EXERCISE GOAL: Retype the whole listing exactly. Leave out pictures.

STORED DATA:

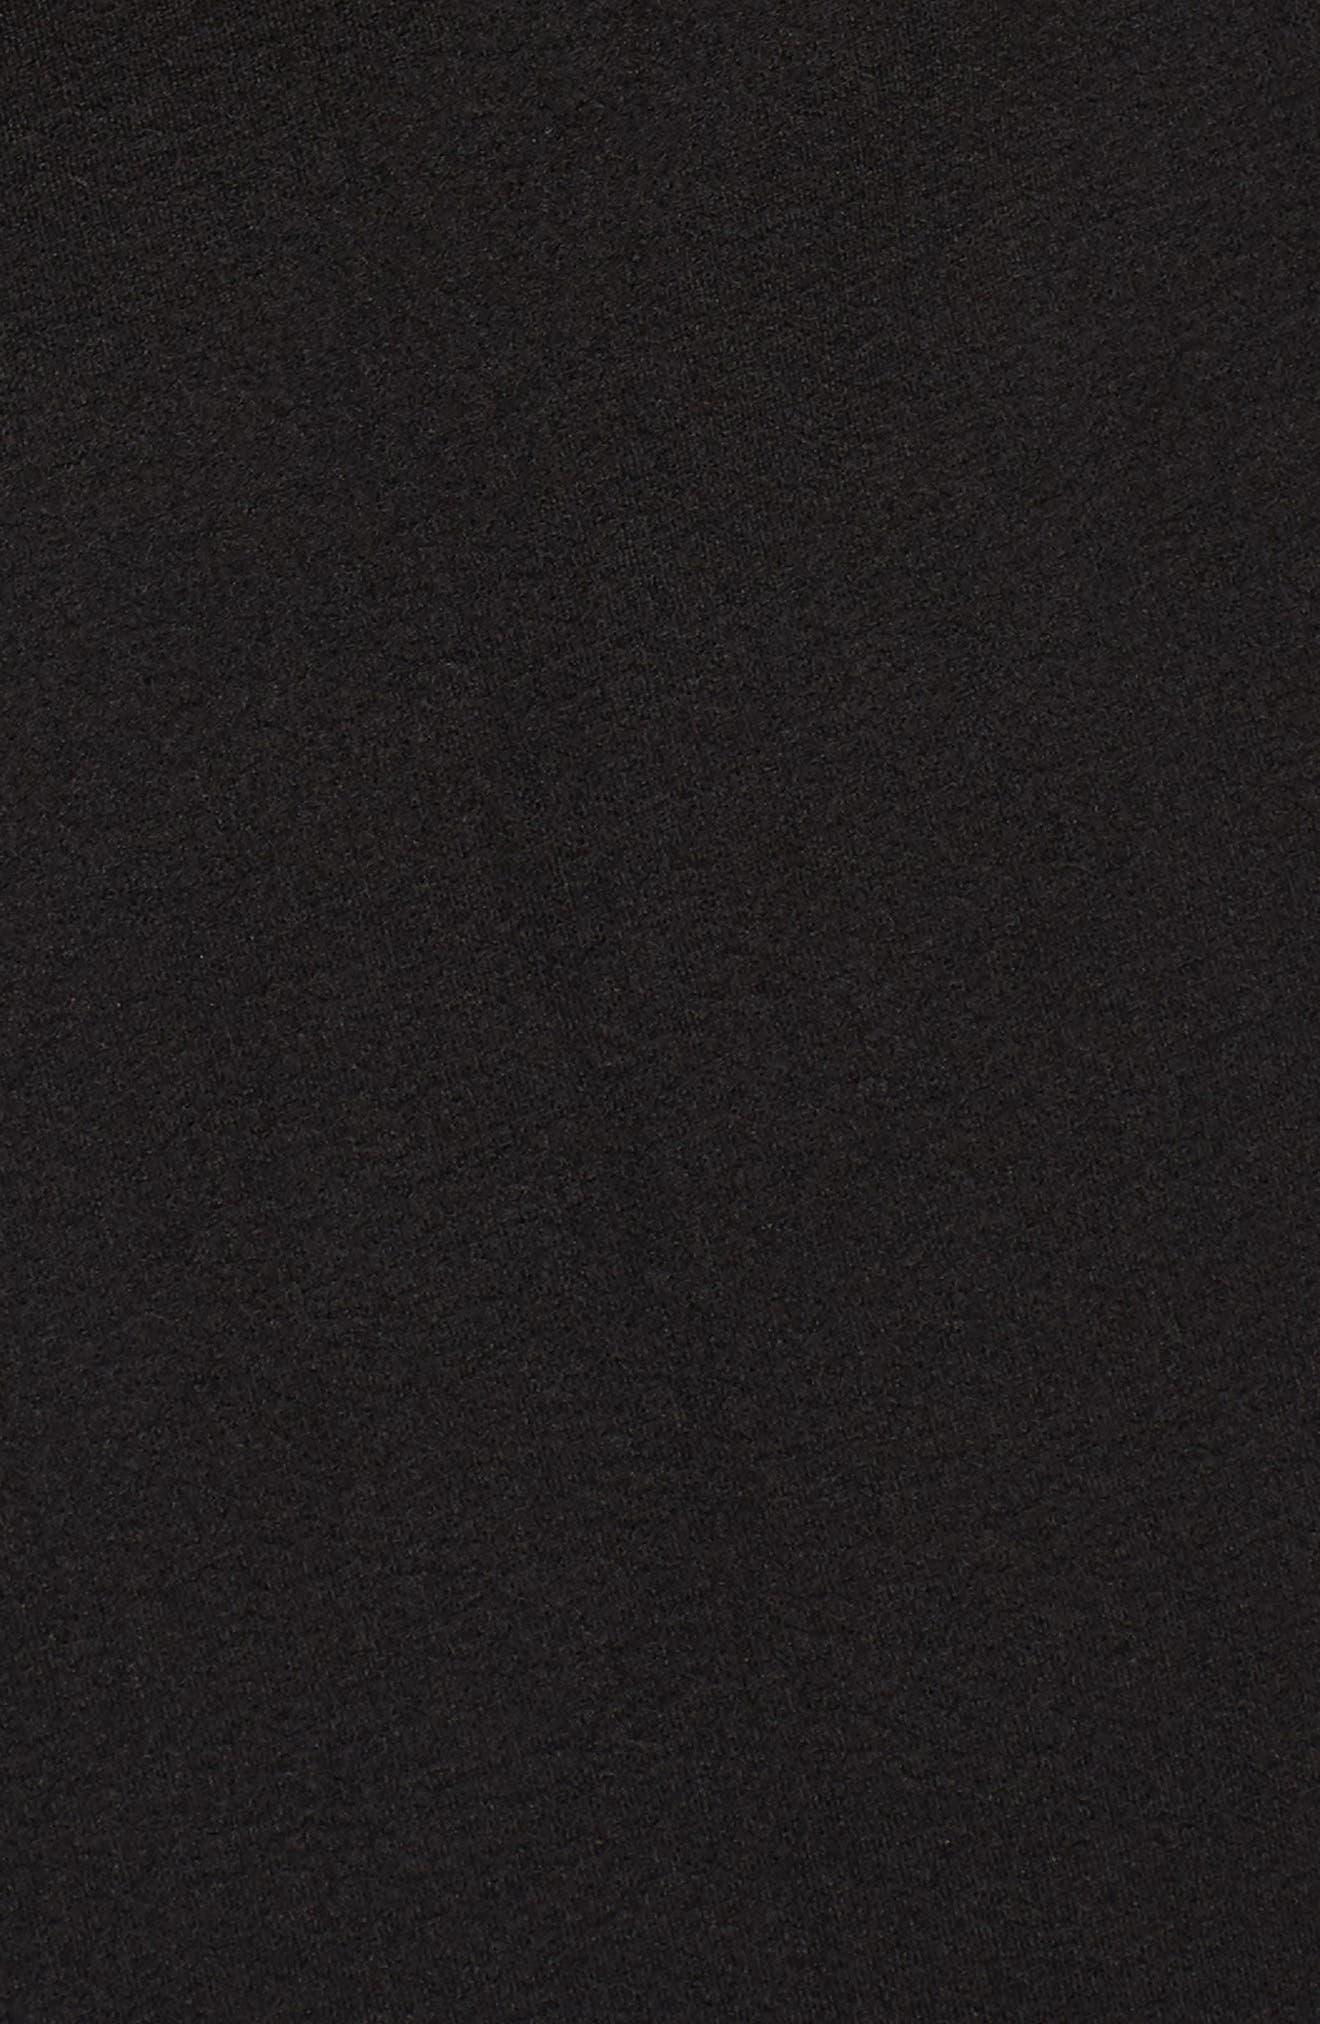 Ruched Surplice Crepe Sheath Dress,                             Alternate thumbnail 6, color,                             BLACK
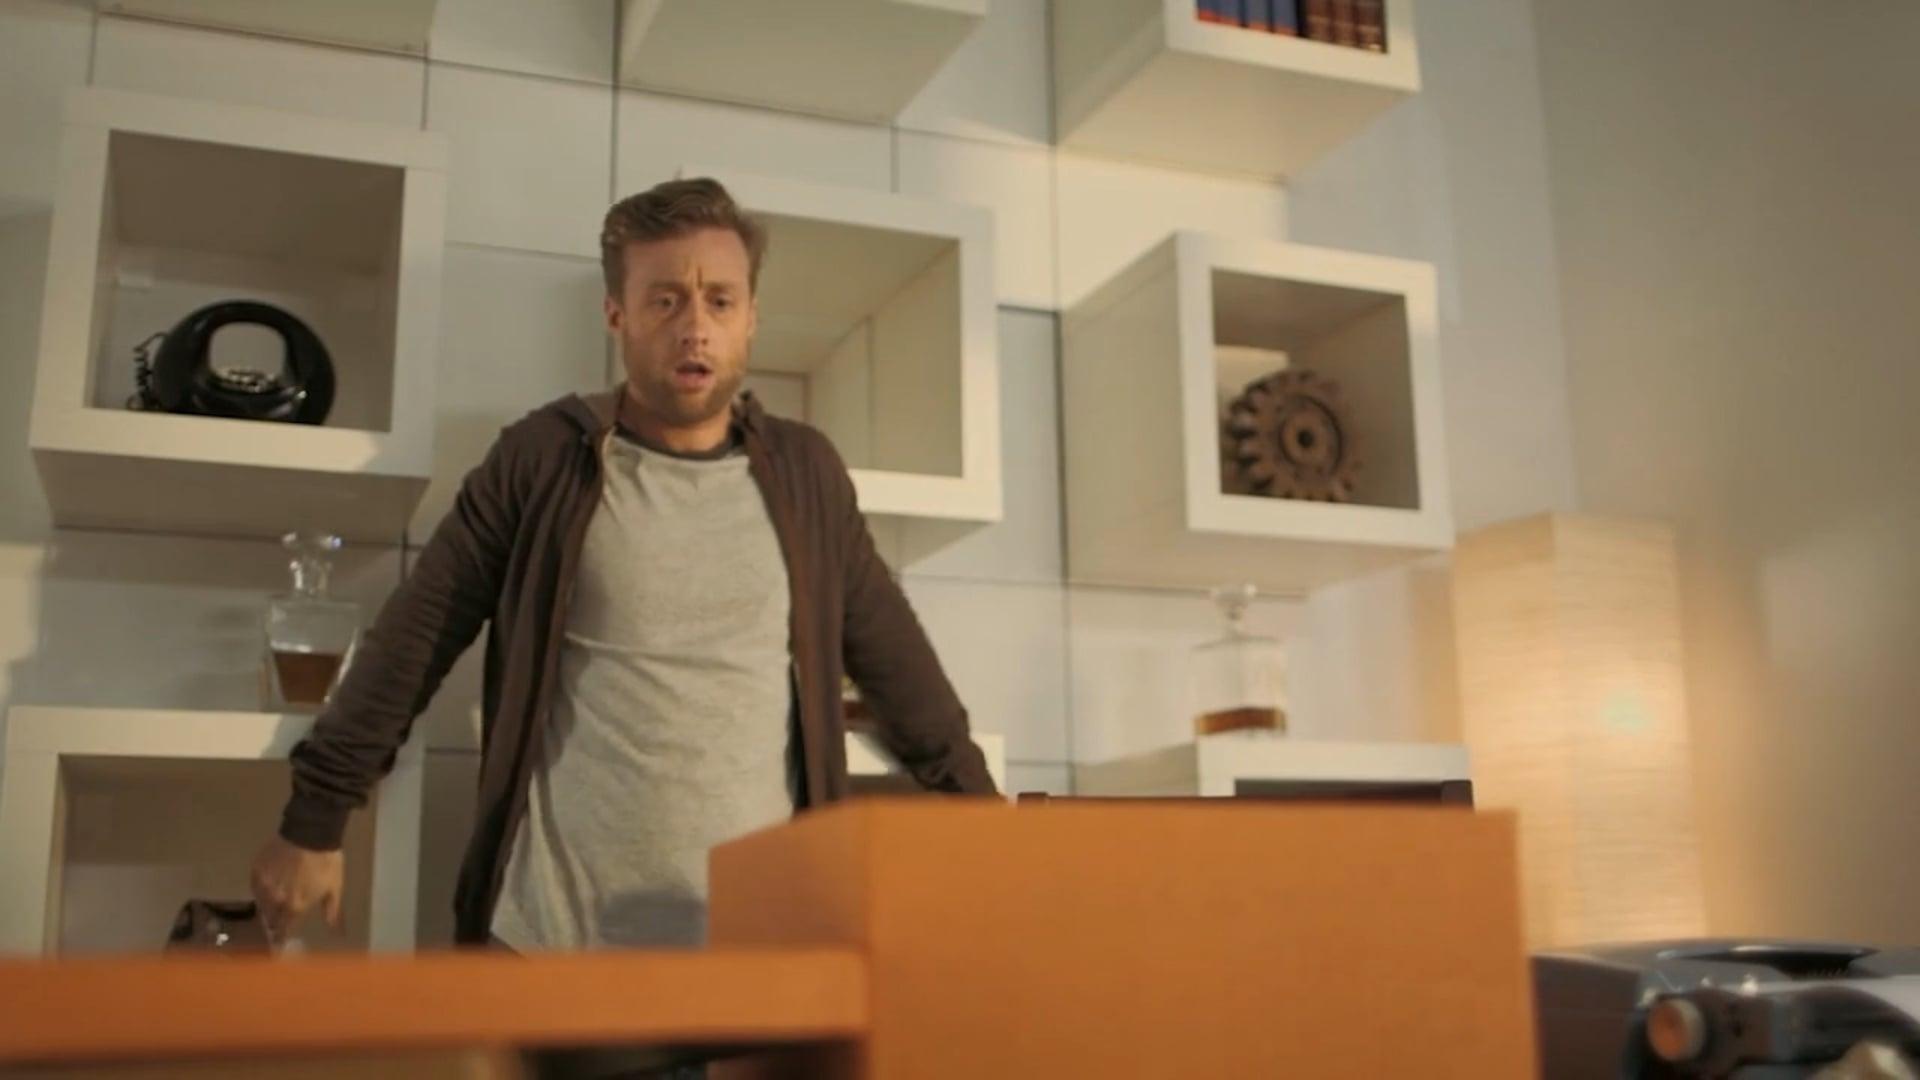 Jack in the Box - short film
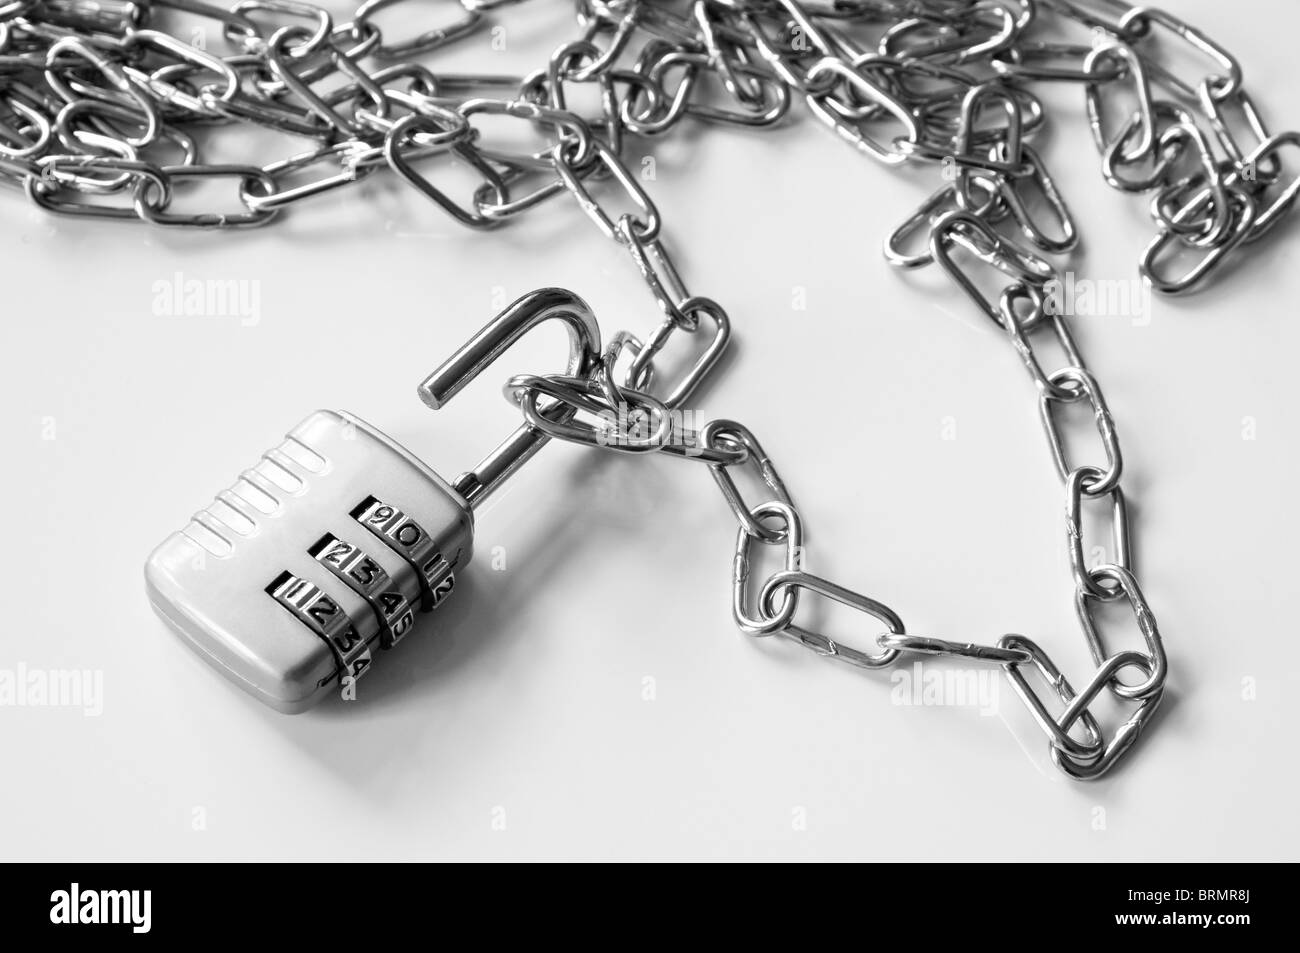 Unlocking a chain. - Stock Image

ANSWER AREA:
 Ruched Surplice Crepe Sheath Dress,                             Alternate thumbnail 6, color,                             BLACK
 Jack in the Box - short film
 Unlocking a chain. - Stock Image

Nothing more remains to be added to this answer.